The key takeaways from the ONCA’s decision in Tall Ships are as follows:

  1. The Courts will strictly enforce parties’ agreements that only allow appeals of an arbitrator’s decision on questions of law. Courts and parties should be hesitant to try and extract questions of law from issues that are really mixed fact and law, so as not to undermine the parties’ consensual arbitration process.
  2. Contractual interpretation is a matter of mixed fact and law. Matters of contractual interpretation include, among many others, (i) a determination of whether a party has met notice requirements under a contract, (ii) whether a contract allows for recovery of certain costs and who is liable for said costs, and (iii) whether a party can subsequently claim interest on an amount already agreed to be paid under the contract.
  3. Courts will be wary of parties’ attempts to re-characterize findings on substantive questions of mixed fact and law as appealable issues of procedural unfairness under s. 46 of the Arbitration Act.
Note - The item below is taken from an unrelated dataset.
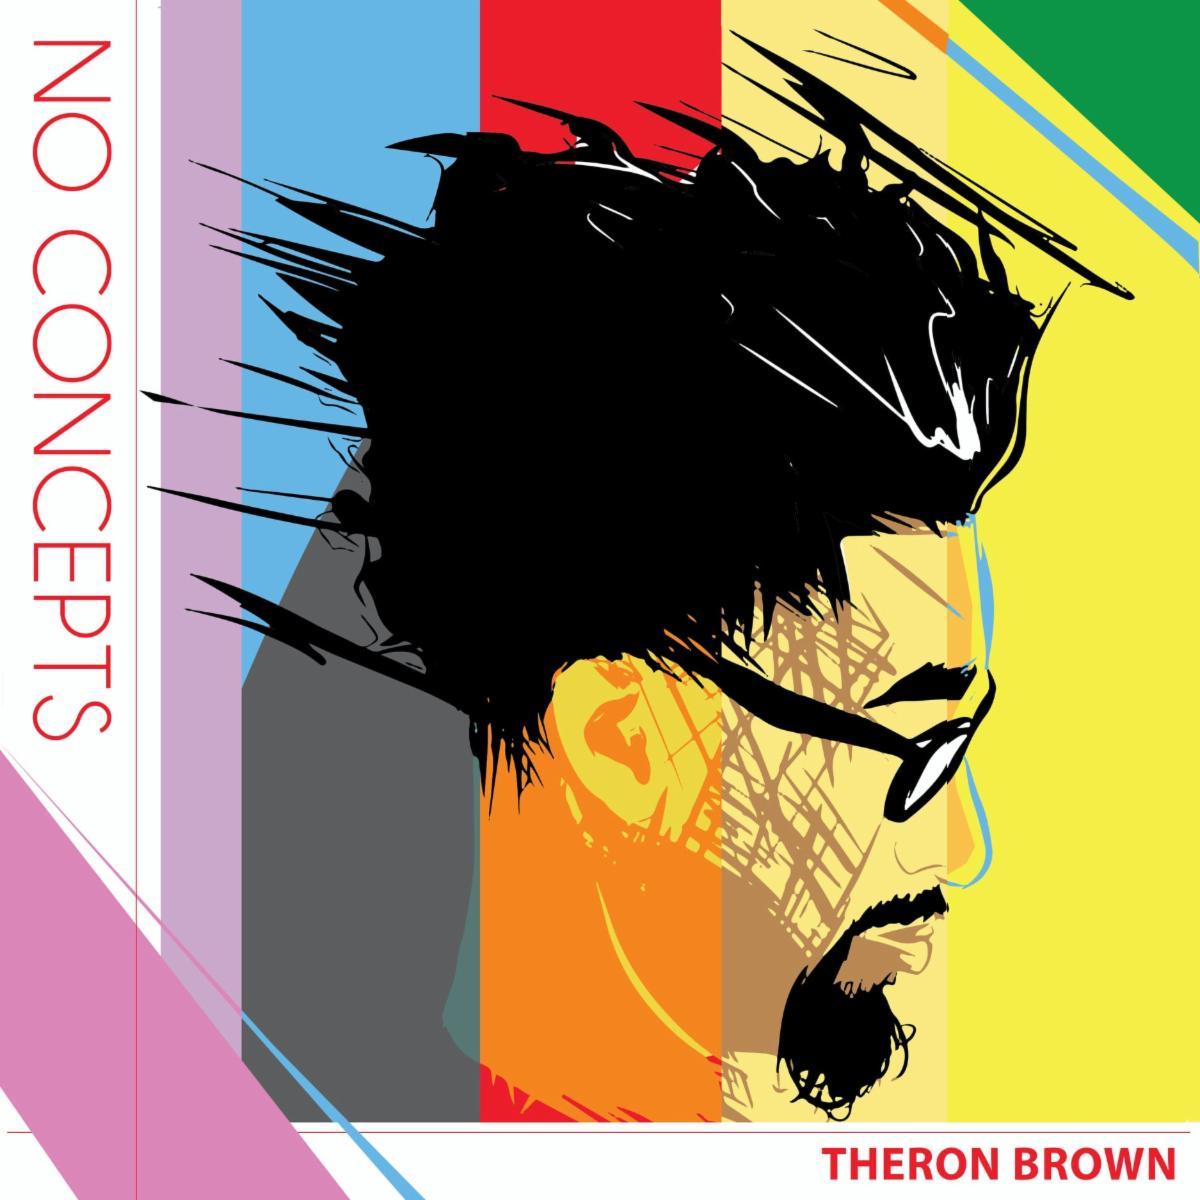 Theron Brown

This approach has already been recently adopted by the Ontario Superior Court in Canada Soccer 2023 ONSC 1367 where the Court rejected an attempt by one party to “thinly [disguise]” the substantive merits of an arbitral decision “as a procedural grievance”.[16]

[1] Where the arbitration agreement does not deal with appeals on questions of law; Arbitration Act, 1991, S.O. 1991, c. 17, ss. 45(1)-(3).
[2] Tall Ships Development Inc. v. Brockville (City)2022 ONCA 5516 at paras 4-8 [Tall Ships].
[3] Tall Ships at para 9.
[4] Tall Ships at paras 9-12.
[5] Tall Ships at para 1.
[6] Sattva Capital Corp. v. Creston Moly Corp., 2014 SCC 53 at para 50 [Sattva].
[7] Tall Ships at paras 38, 44, 48-49.
[8] Tall Ships at paras 65-72; 86-89.
[9] Tall Ships at paras 90, 96.
[10] Tall Ships at para 16.
[11] Arbitration Act, 1991, S.O. 1991, c. 17, ss. 46(1)(6).
[12] For example see The Tire Put Inc. v Augend 6285 Yonge Village Properties Ltd. 2022 ONSC 6763 at paras 22-24; Baffinland v Tower-EBC, 2022 ONSC 1900 at paras 77-80.
[13] Tall Ships at para 2.
[14] Tall Ships at para 82.
[15] Tall Ships at para 95.
[16] Canada Soccer, paras. 21-22.

by Jeremy Rankin, Connor Campbell and Sezen Izer

A Cautionary Note

The foregoing provides only an overview and does not constitute legal advice. Readers are cautioned against making any decisions based on this material alone. Rather, specific legal advice should be obtained.